Chamber tombs are cut from bedrock and usually divide into a tripartite structure of dromos ('passageway'), stomion ('threshold') and thalamos ('chamber'). Some examples include pits, side chambers or niches into which primary or secondary burials may have been deposited. The division between dromos, stomion and thalamos has been interpreted as the creation of a 'boundary zone between the living and the dead'.[22]

Scholars debate the relationship in design between chamber tombs and tholoi, which appeared in Greece approximately simultaneously at the end of MH III, and were both first used in Messenia.[1] According to one school of thought, chamber tombs became popular in imitation of tholoi, following the same fundamental form but avoiding the significant expenditure of resources and labour in constructing a tomb from ashlar masonry.[23] Another interpretation sees chamber tombs as a successor to Middle Helladic tumulus burial, developing in parallel with tholoi rather than as an imitation of them.[23]

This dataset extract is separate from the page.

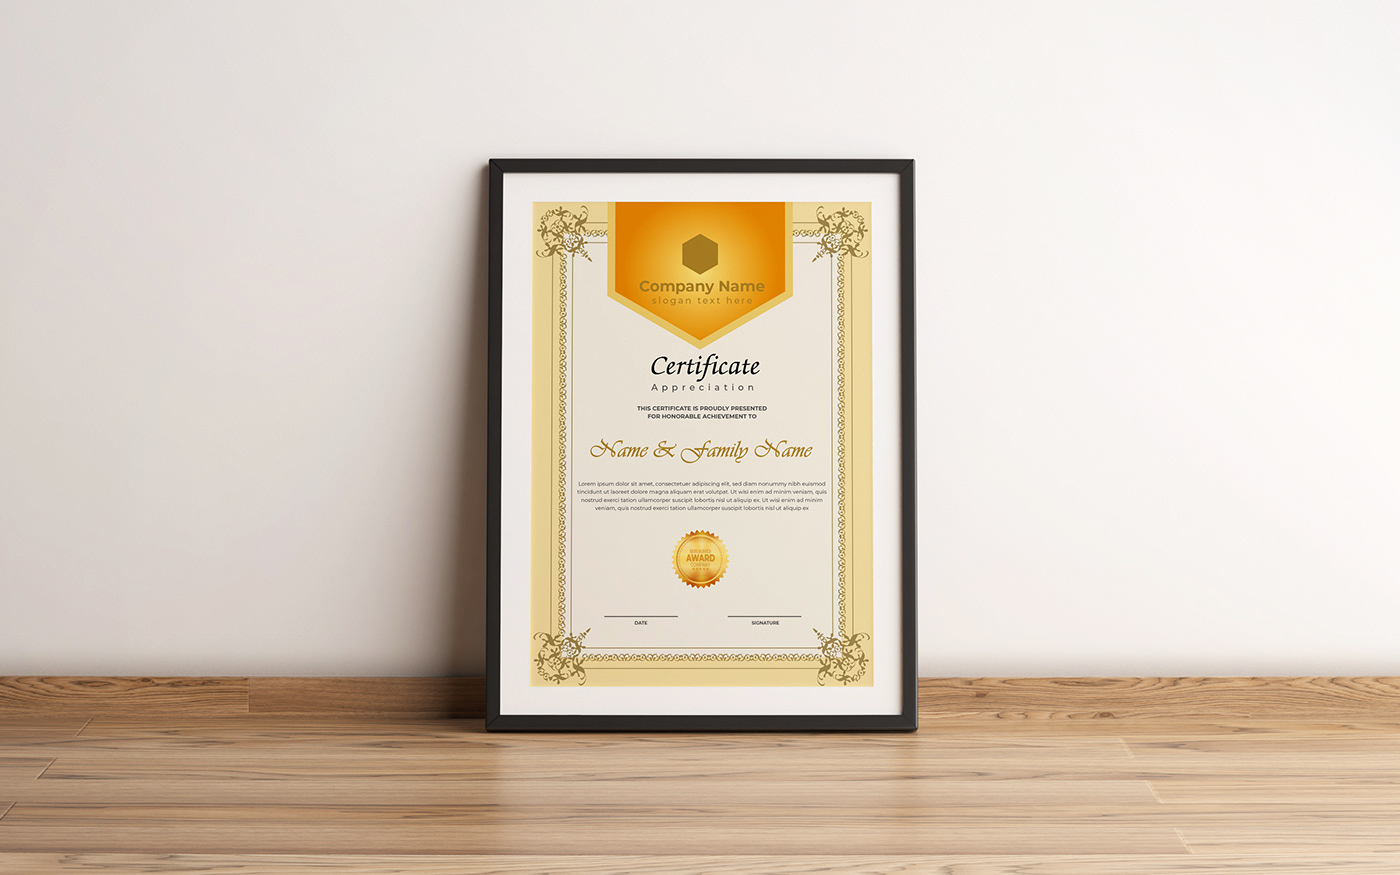 certificate Diploma Certificate diploma award Appreciation gift certificate certificate template gift cards award certificate custom certificate

The specific design of chamber tombs could vary according to local geographic and social considerations. At Thorikos, for instance, so-called "built" chamber tombs of limestone masonry, with short passages approaching one side of the thalamos, were constructed, likely in response to the hard limestone ground, which would have made cutting a long dromos impractical.[23] At Thebes, the so-called "Painted Chamber" tomb has two parallel dromoi, approaching two large chambers, connected by a doorway.[23]

From LH II–IIIA1 onwards, certain monumental chamber tombs had the façade of the stomion, and sometimes the walls of the thalamos, decorated with painted plaster. This phenomenon is particularly known in the Argolid, particularly at Mycenae and Prosymna, but examples are known from elsewhere, including Prosilio 2 and from Thebes.[24] Over the course of the Late Helladic, a trend is observed for the length of the dromos to increase, both in absolute measurement and relative to the size of the thalamos.[25] Tomb 505 at Mycenae, for example, has a dromos over 35 m (115 ft) in length.[26] This may be associated with an increasing desire to show wealth and power through a large, impressive tomb, or may reflect the growing importance of the dromos in funerary ritual.[27] At the end of the period, however, in LH IIIC, the opposite trend is observed: dromoi become shorter and less attention appears to be paid to the carving and decoration of the façade of the stomion, perhaps indicating the declining importance of any rituals that took place there.[28]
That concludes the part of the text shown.